Sometimes, the site will work perfectly, returning pages in less than a second. Other times, random static assets will hang for over a minute, the page won’t first byte for 30-60 seconds, or the connection will poop out completely and CloudFlare will pop up a 520 error page.
The site is hosted on a cloud VPS. top shows very low CPU usage, disk space/quota isn’t close to being fully used, and upgrading memory doesn’t seem to affect the issue whatsoever. Site traffic is low and bandwidth isn’t being saturated at all.
Even requesting blank static assets sometimes takes up to 6-10 seconds for TTFB, seemingly at random.
It looks like in Run 1 both of those requests for static assets (requests 38 and 46) were edge cache misses (See the Response tab on request 38 for example, it contains a response header of CF-Cache-Status: MISS) so hit the origin server(s). In the other runs, it looks like the static assets have a mix of cache hits and misses, but sometimes the misses take a long time.
Maybe consider looking at your origin access logs or webapp logs to see if they can give you more insight into what may be happening and where.
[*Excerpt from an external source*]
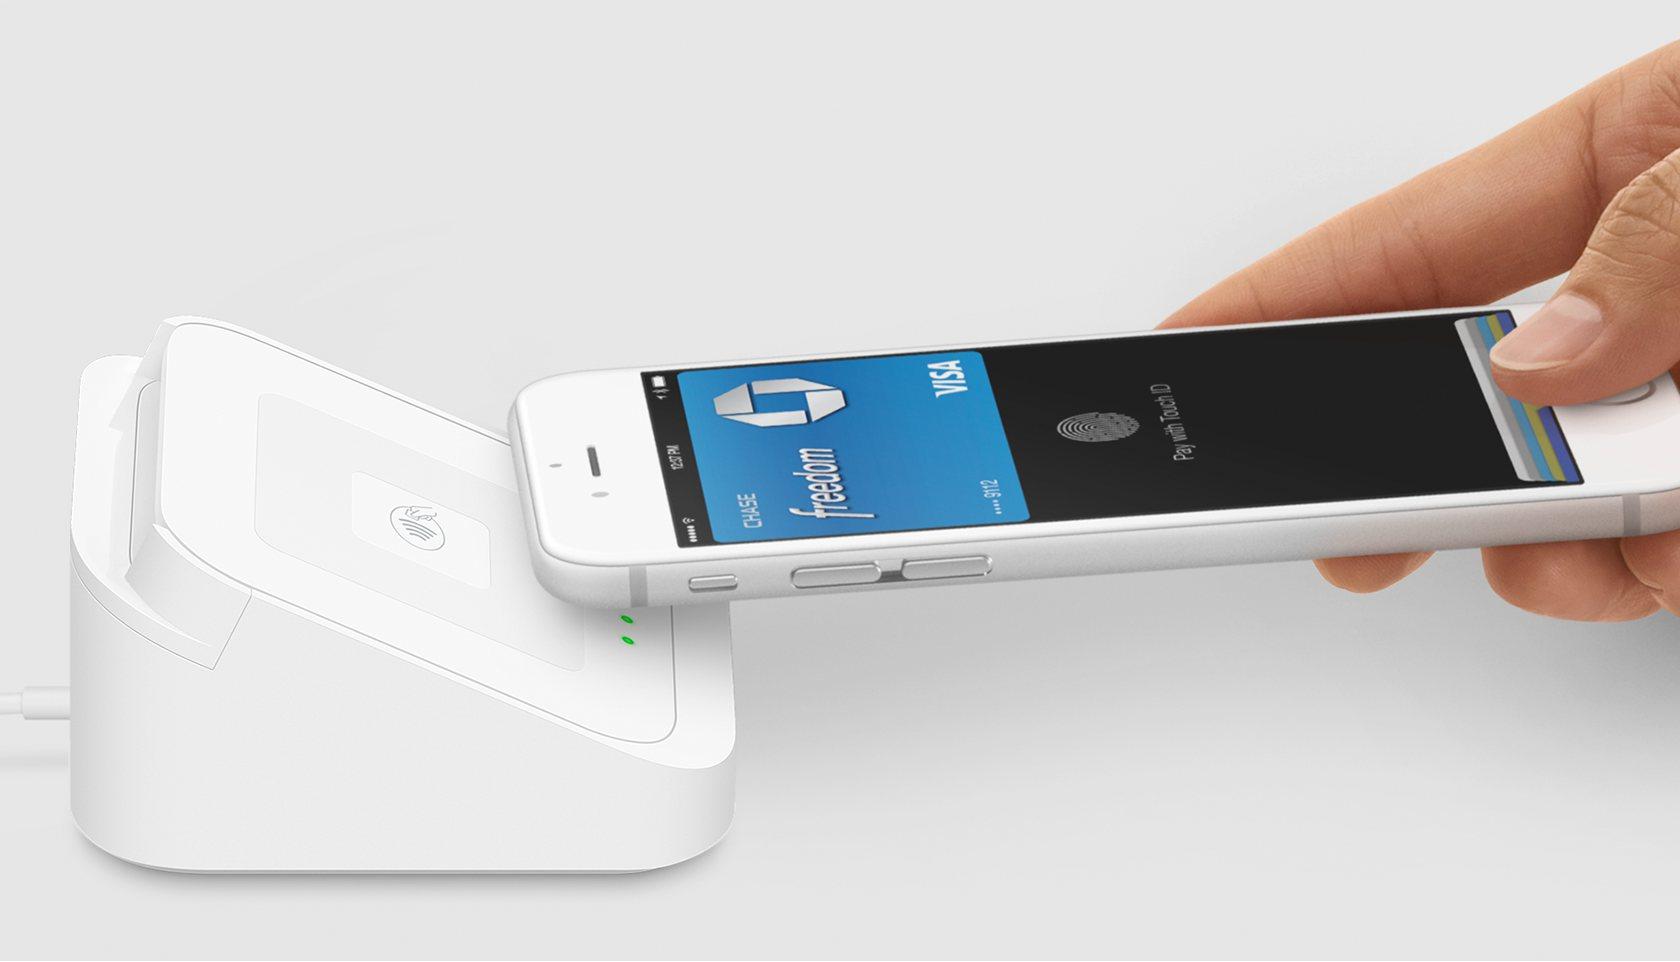 Square Apple Pay Logo - NFC Guide: All You Need to Know About Near Field Communication

If there are multiple VMs/processes serving traffic, it could be that one is having issues serving. In several of these runs, it looks like the first request, the dynamic request to the homepage is also periodically taking multiple seconds which seems to indicate an origin issue.
Are static assets served as static assets from the webserver or are they part of a web application? If served from disk, tuning is likely going to focus on the webserver itself, OS, network, etc. If from the web application.
In my case it was a problem with an AWS Elastic File System, most requests would be fast but with concurrency there would be some taking several seconds.